Calcium Chloride and Oxygen
A Guide to Solving Stoichiometry Problems
Truc Tran
What is stoichiometry?
Basically, stoichiometry allows us to convert and find the relationship between the reactant and its product in a chemical equation.
Balanced Equation
Given the equation Calcium chloride and oxygen.
- Decide on the type of reaction that is taking place. For calcium chloride and oxygen, the reaction would be synthesis. There is a rule that states "Reaction of a metal chloride and oxygen produces a metal chlorate." CaCl2 + O2 -> Ca(ClO3)2 or Calcium chloride + Oxygen -> Calcium chlorate should be your current equation.

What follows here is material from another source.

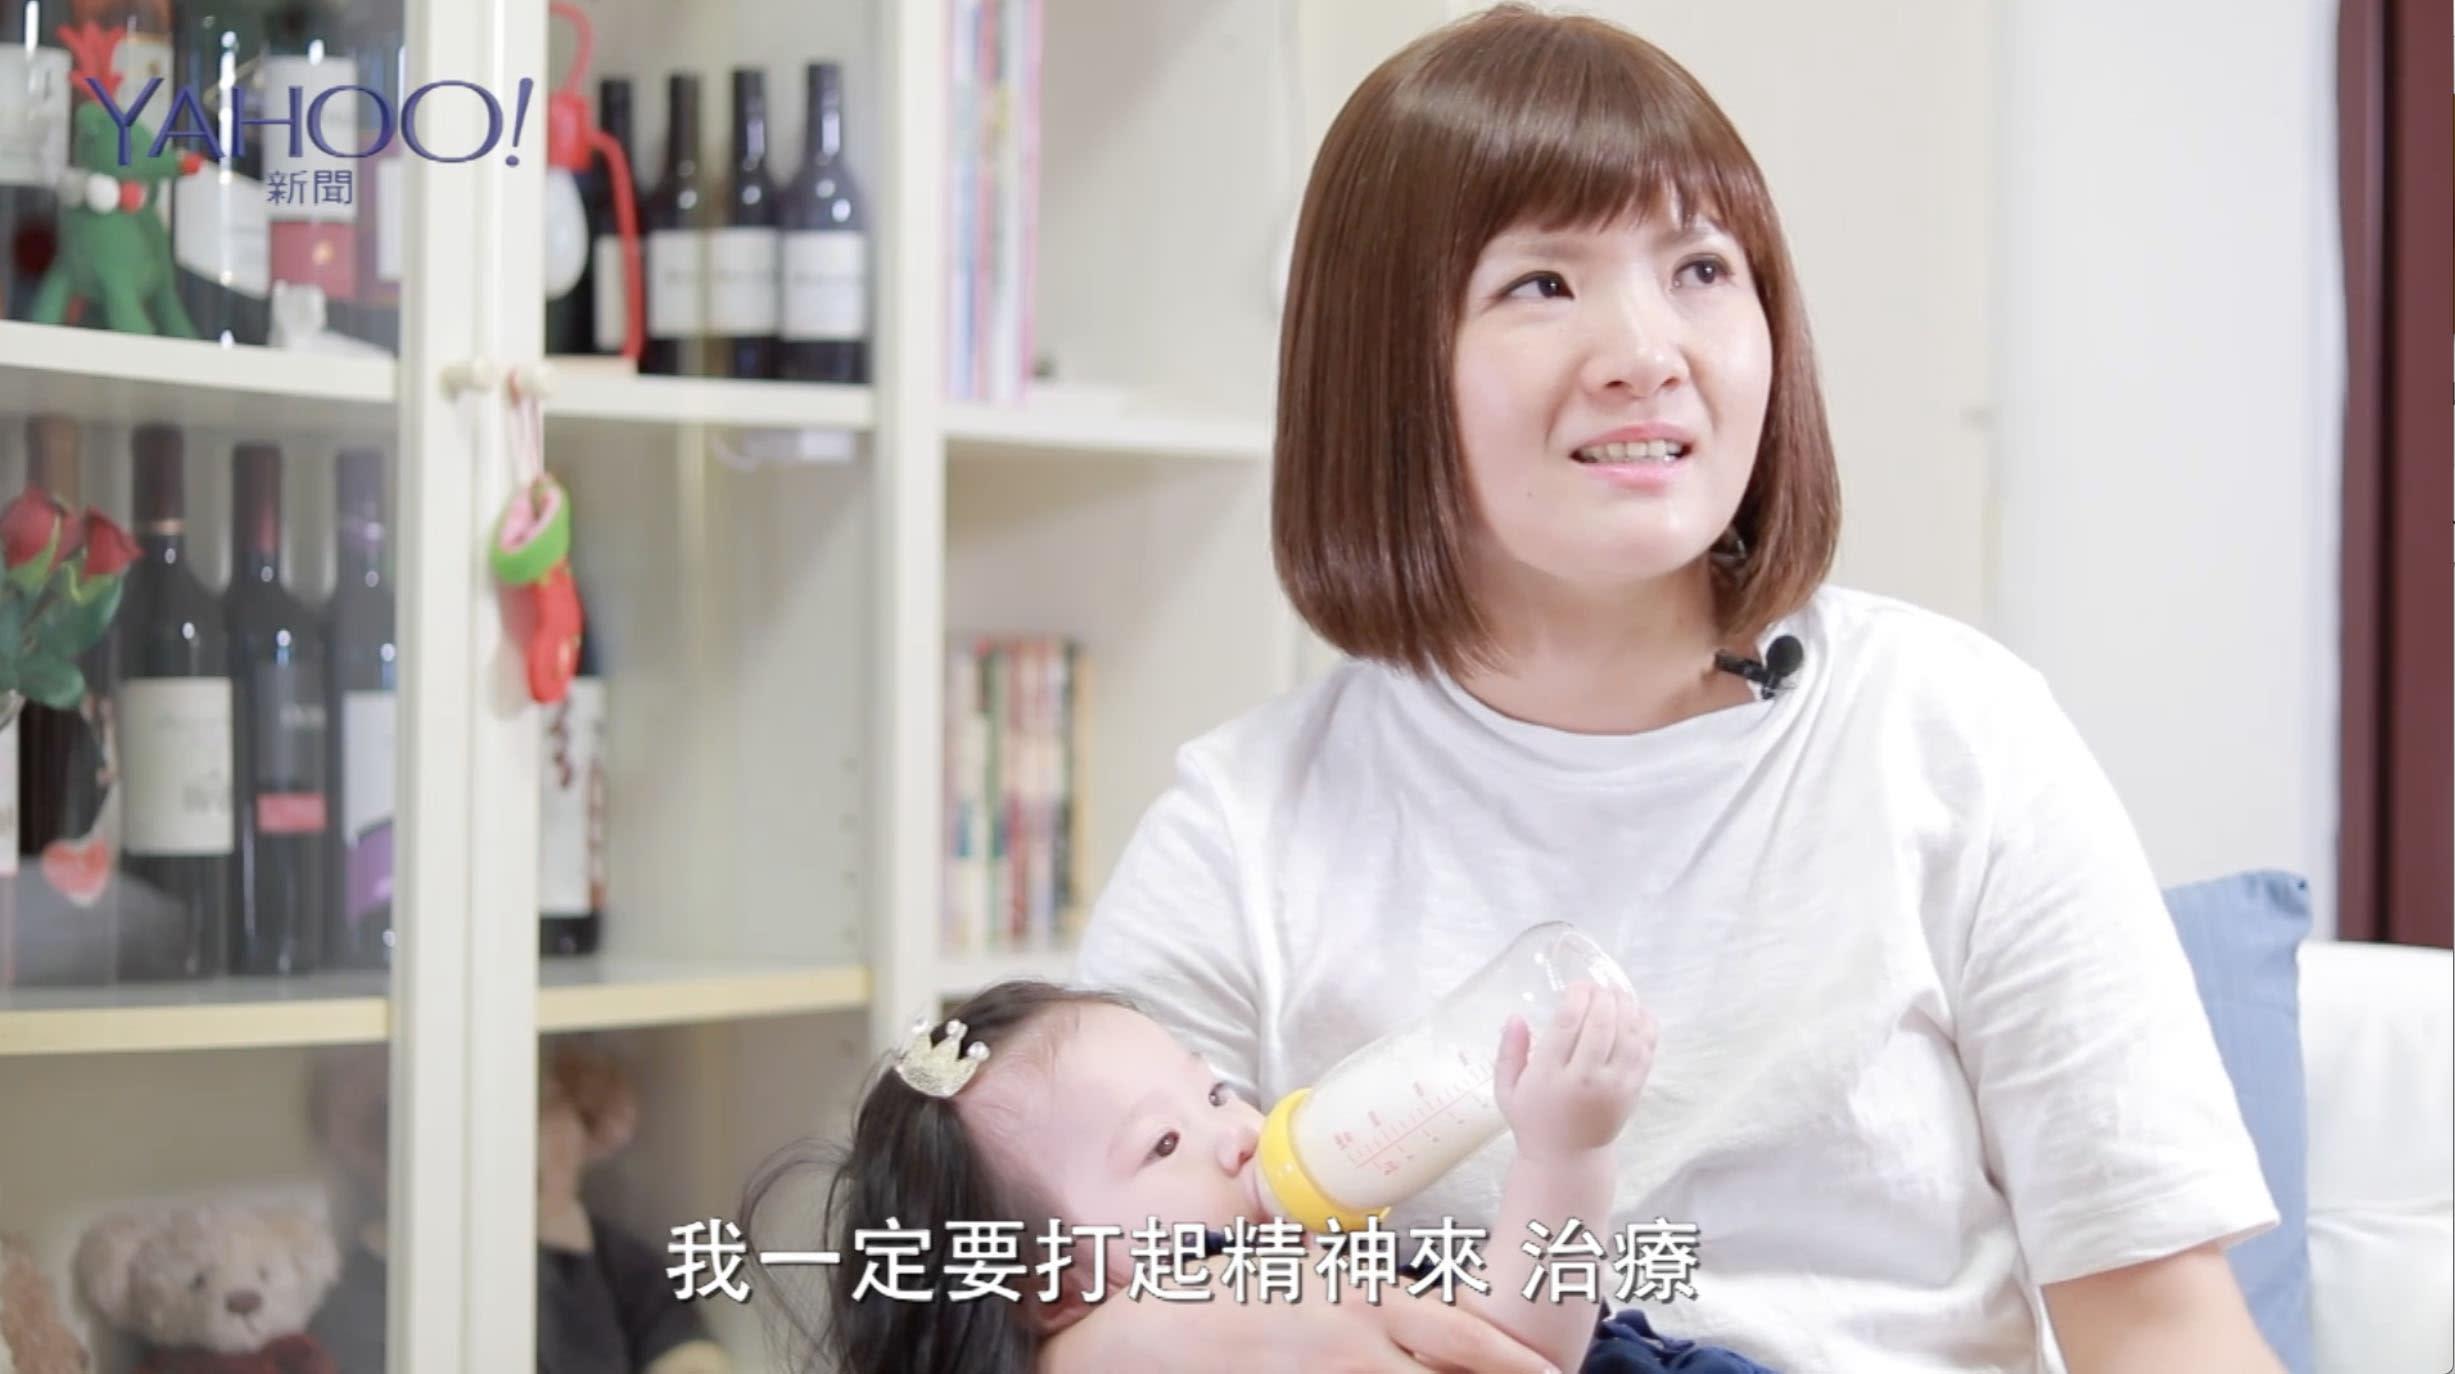 才剛迎接第二個新生兒 卻在餵母乳時發現乳癌

- Next step is to balance the equation. Since both sides already have the same amount of calcium and chlorine, all we need to do is balance the oxygen. Simply add 3 in front of the oxygen on the reactant side to get six of it like in the product. The balanced equation should look like - CaCl2 + 3O2 -> Ca(ClO3)2
Molar mass
- Ca = 40.078 g
- Cl = 35.453 g
- CaCl2 = 40.078 + 35.453(2) = 110.984 g/mole
- O2 = 15.999(2) = 31.998 g/mole
- Ca(ClO3)2 = 40.078 + 2[35.453 + 15.999(3)] = 206.978 g/mole
Mole to Mole Conversions
Mole A (from given)| Mole B (Coefficient)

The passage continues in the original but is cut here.